Available data |
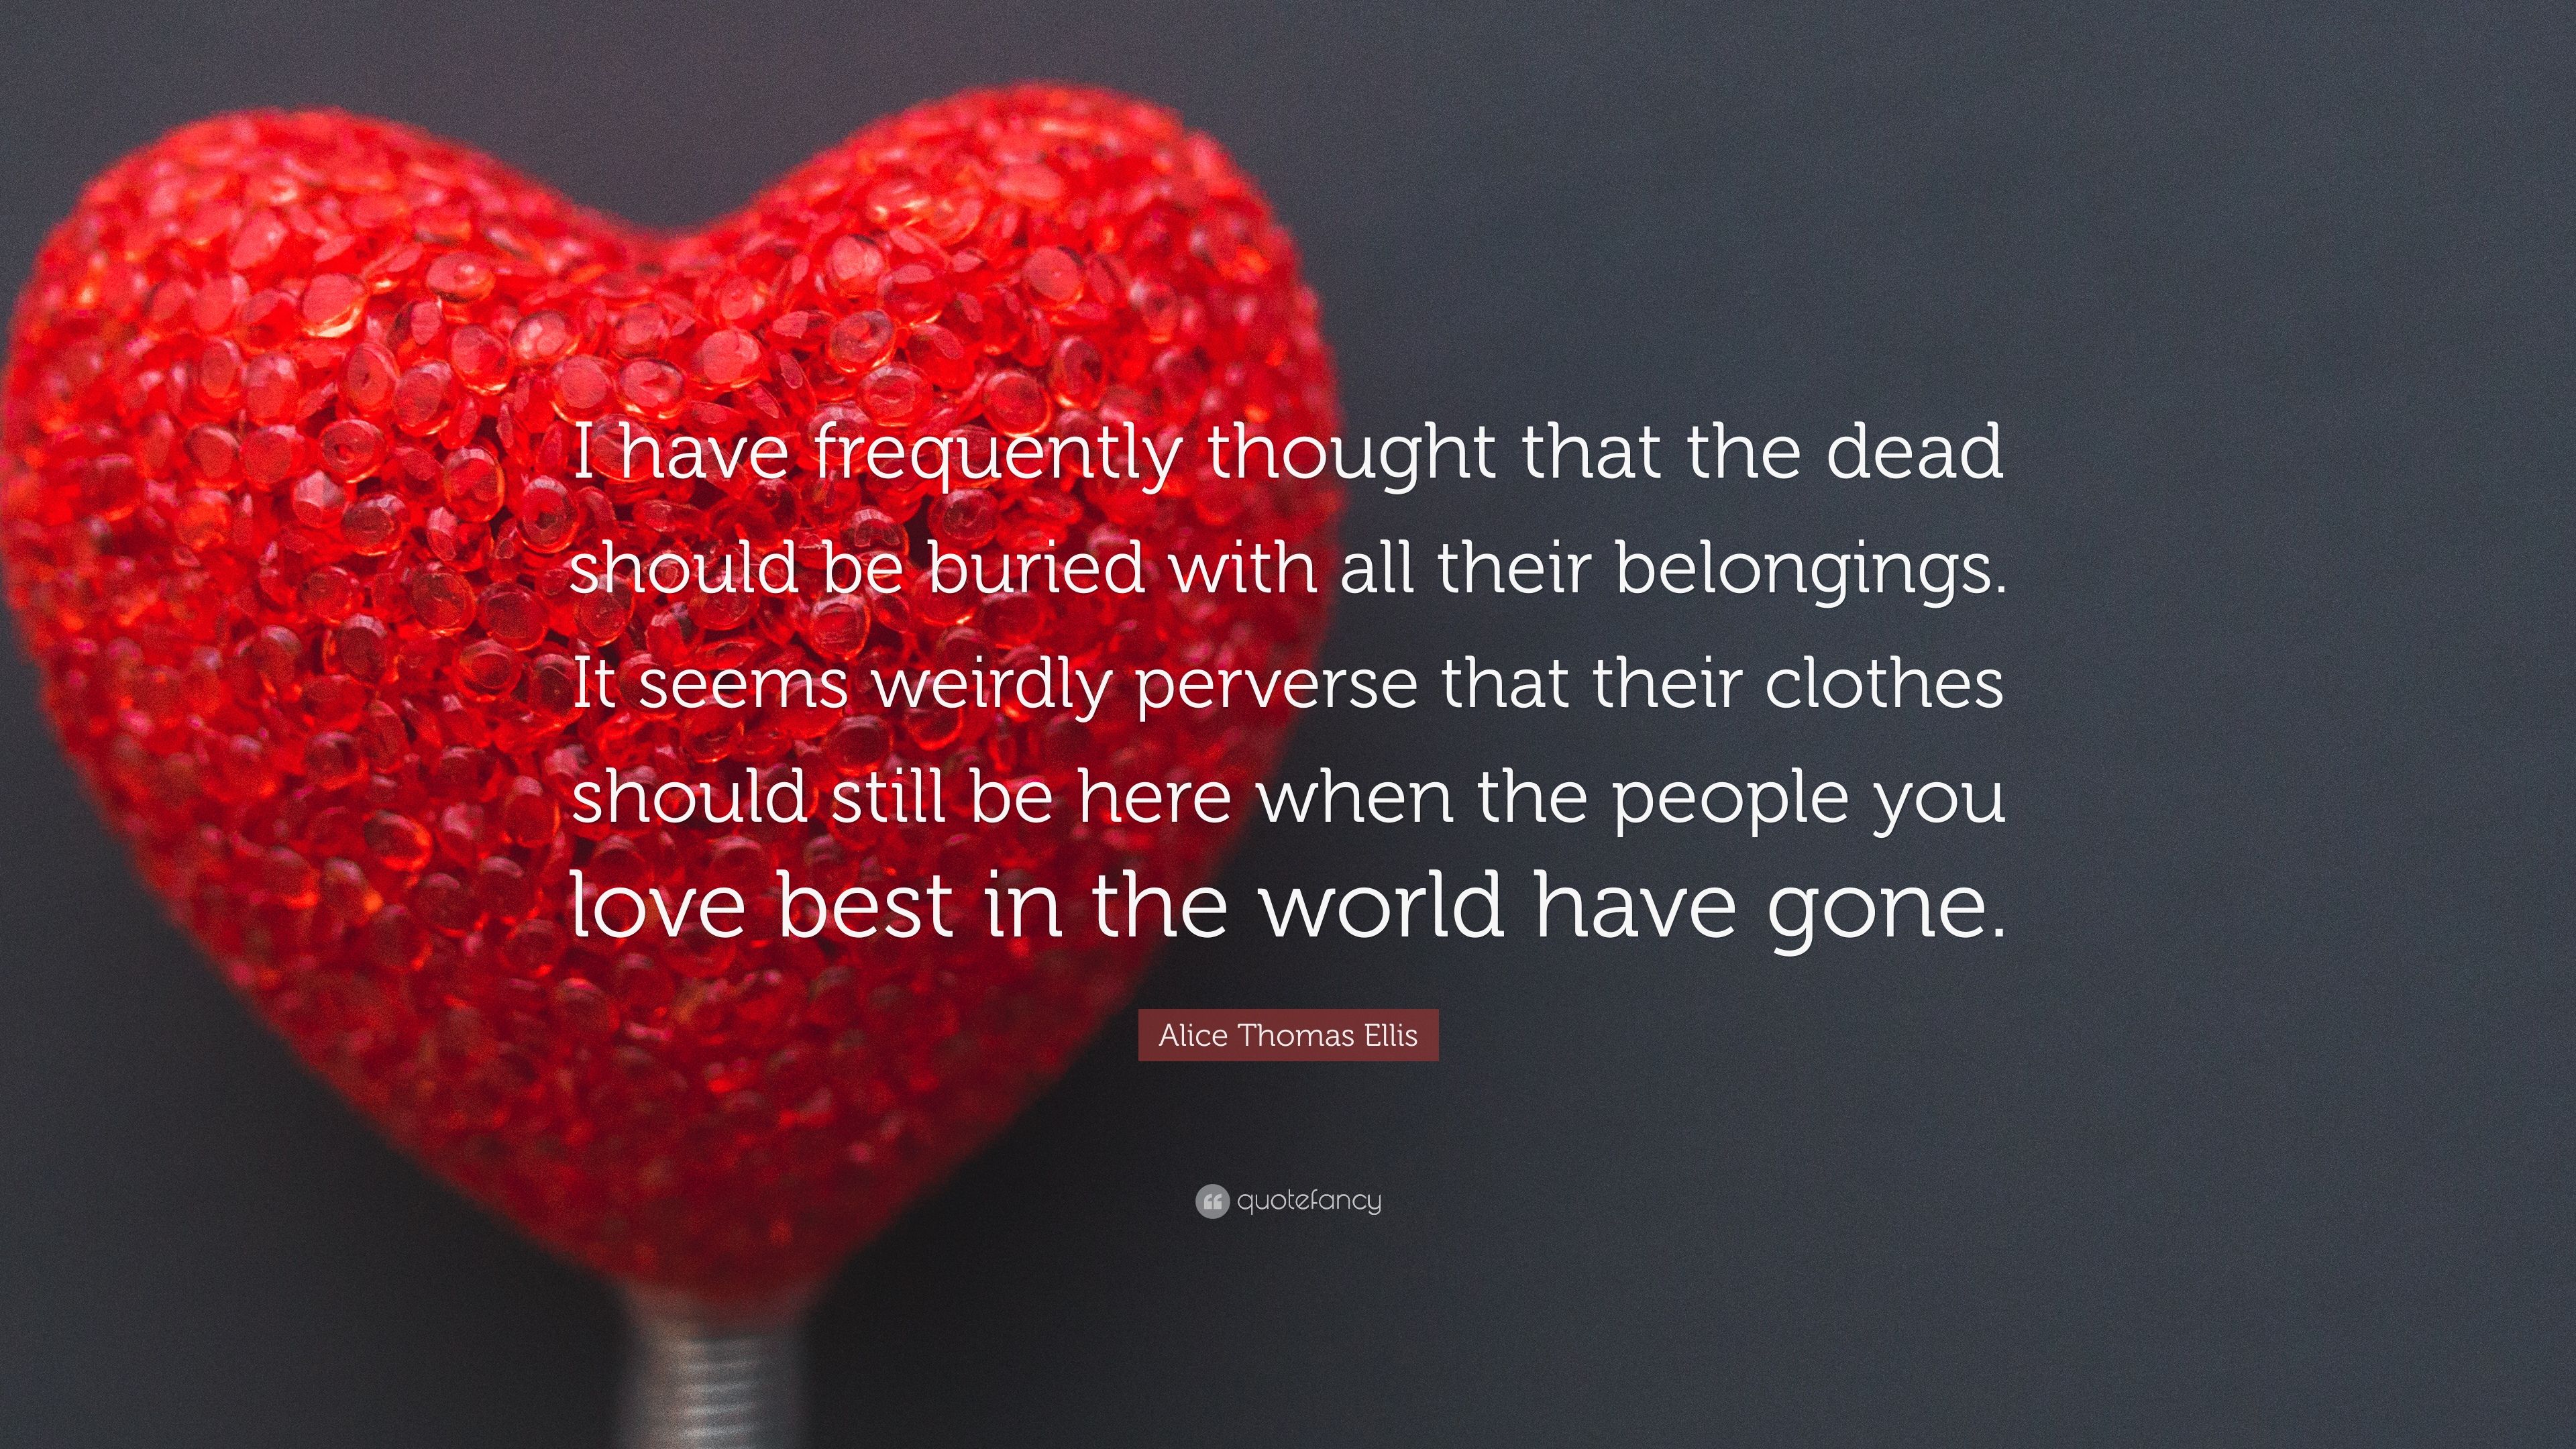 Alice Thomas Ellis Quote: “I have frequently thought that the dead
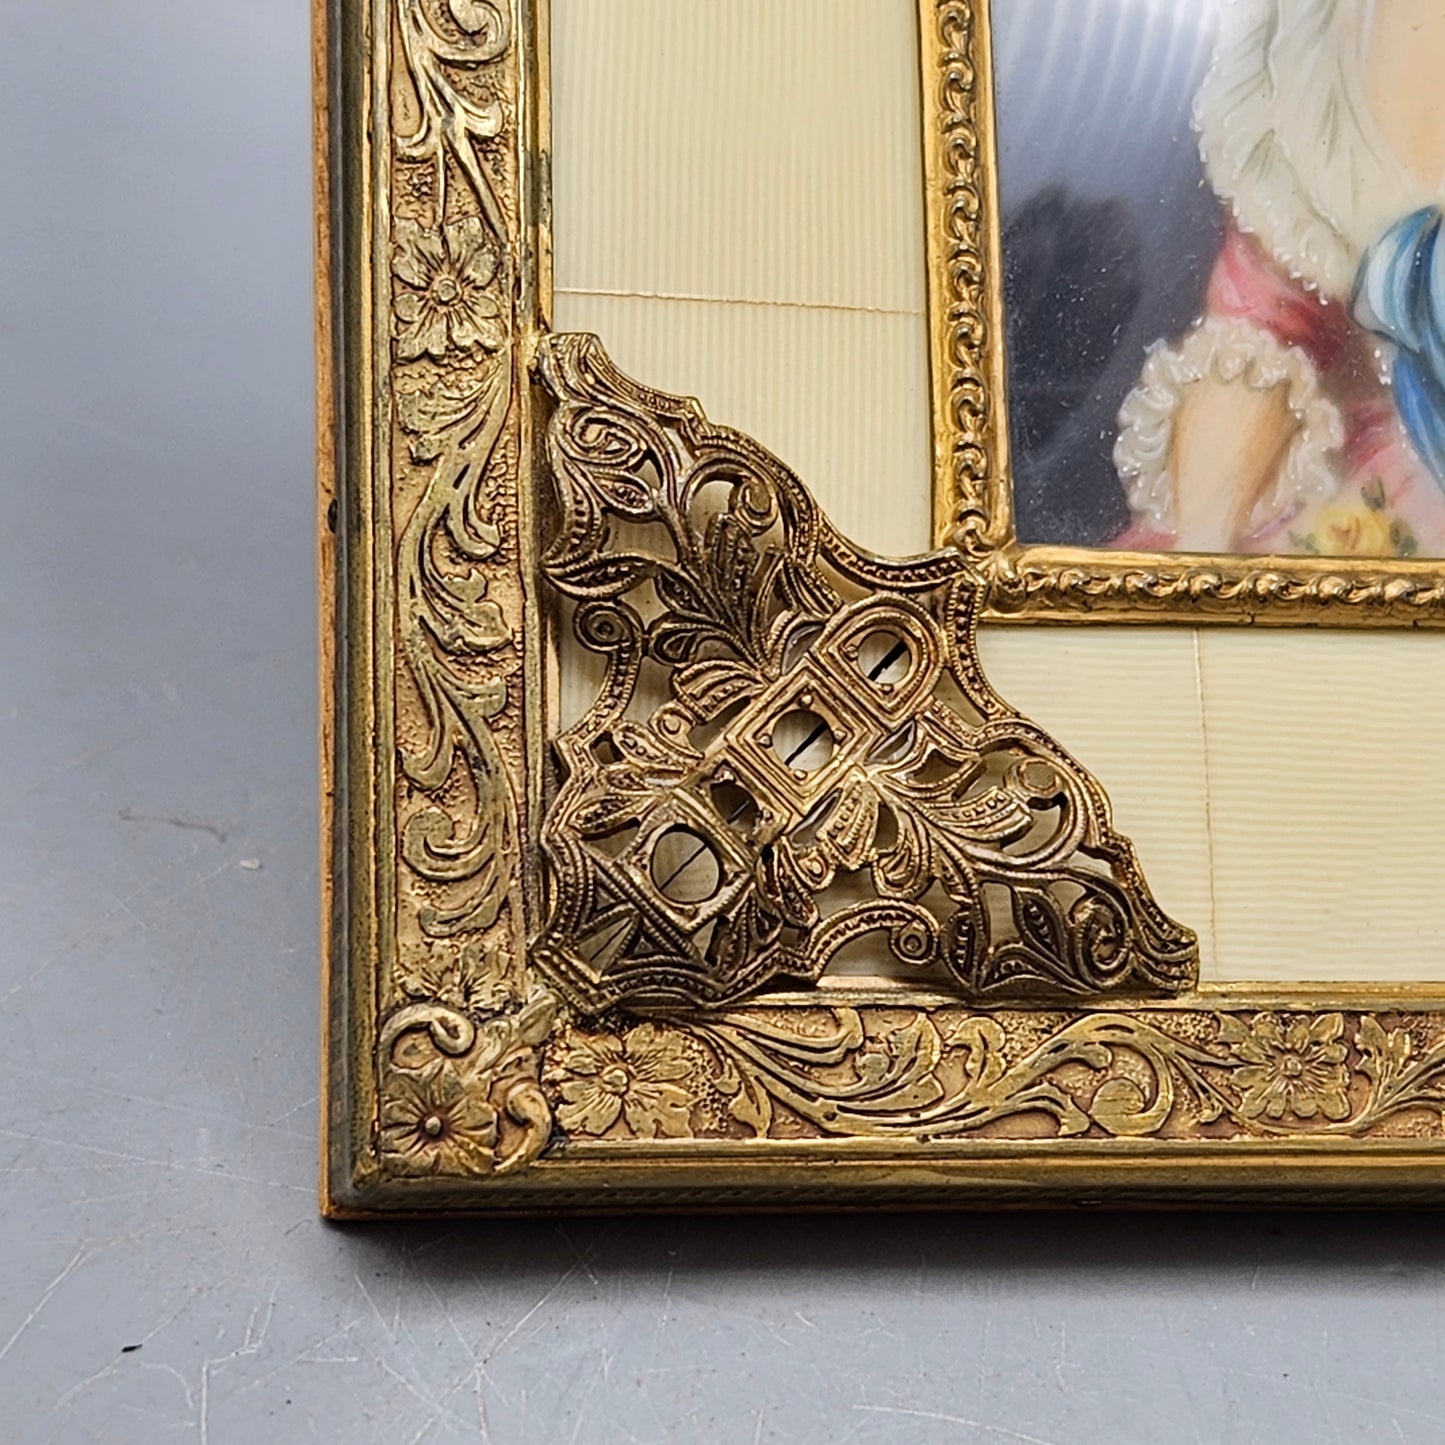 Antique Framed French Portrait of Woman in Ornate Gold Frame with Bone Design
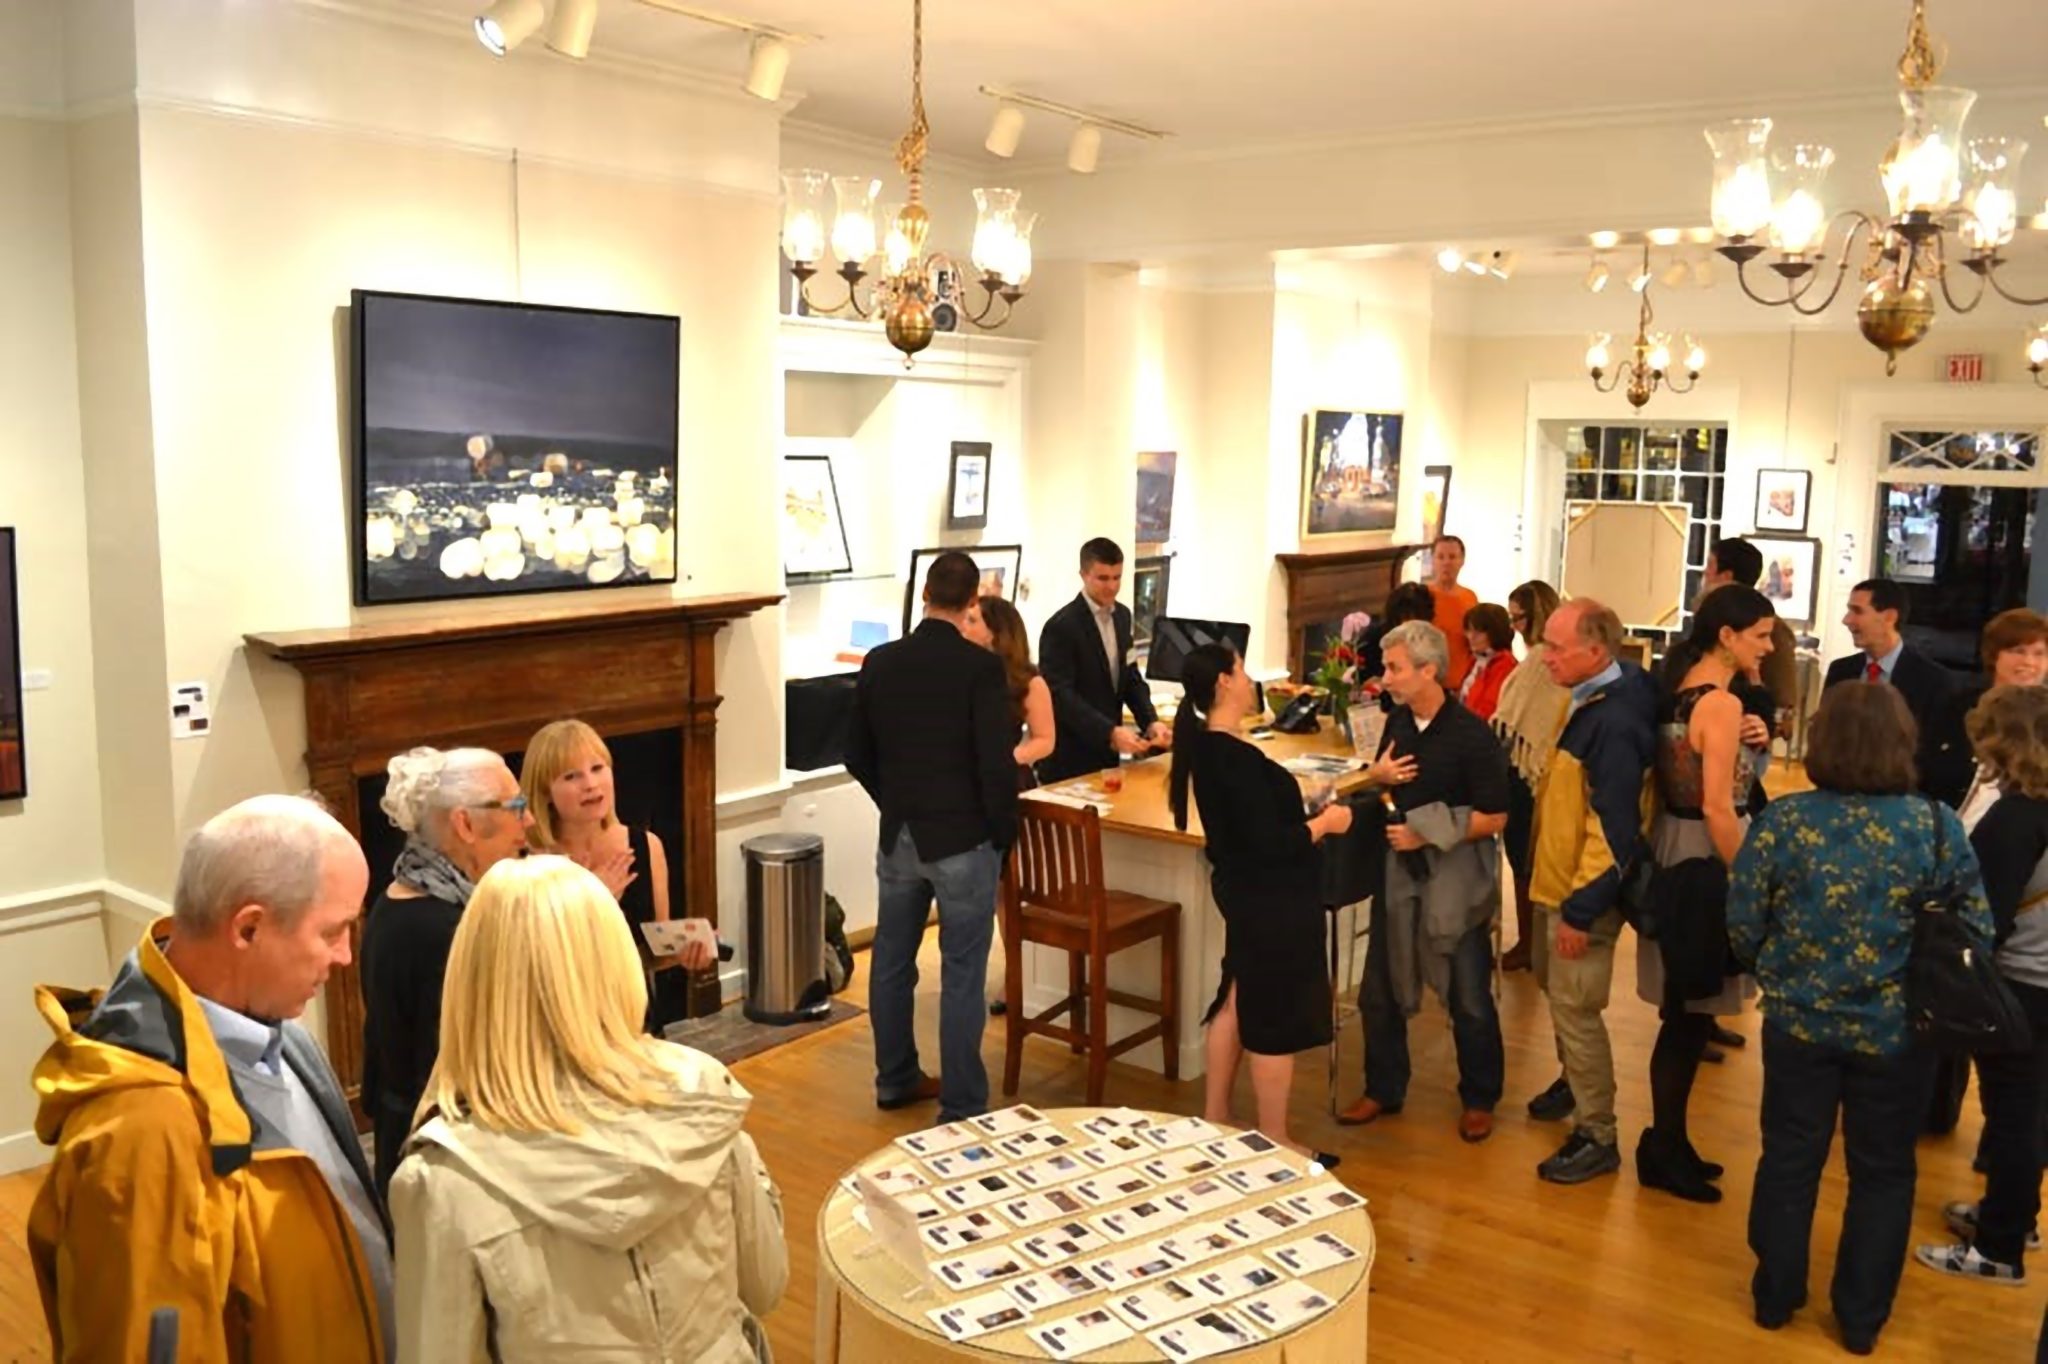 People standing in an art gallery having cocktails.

Problem to solve | Reproduce each line above precisely, with no pictures.

Answer for the task |
 Alice Thomas Ellis Quote: “I have frequently thought that the dead
 Antique Framed French Portrait of Woman in Ornate Gold Frame with Bone Design
 People standing in an art gallery having cocktails.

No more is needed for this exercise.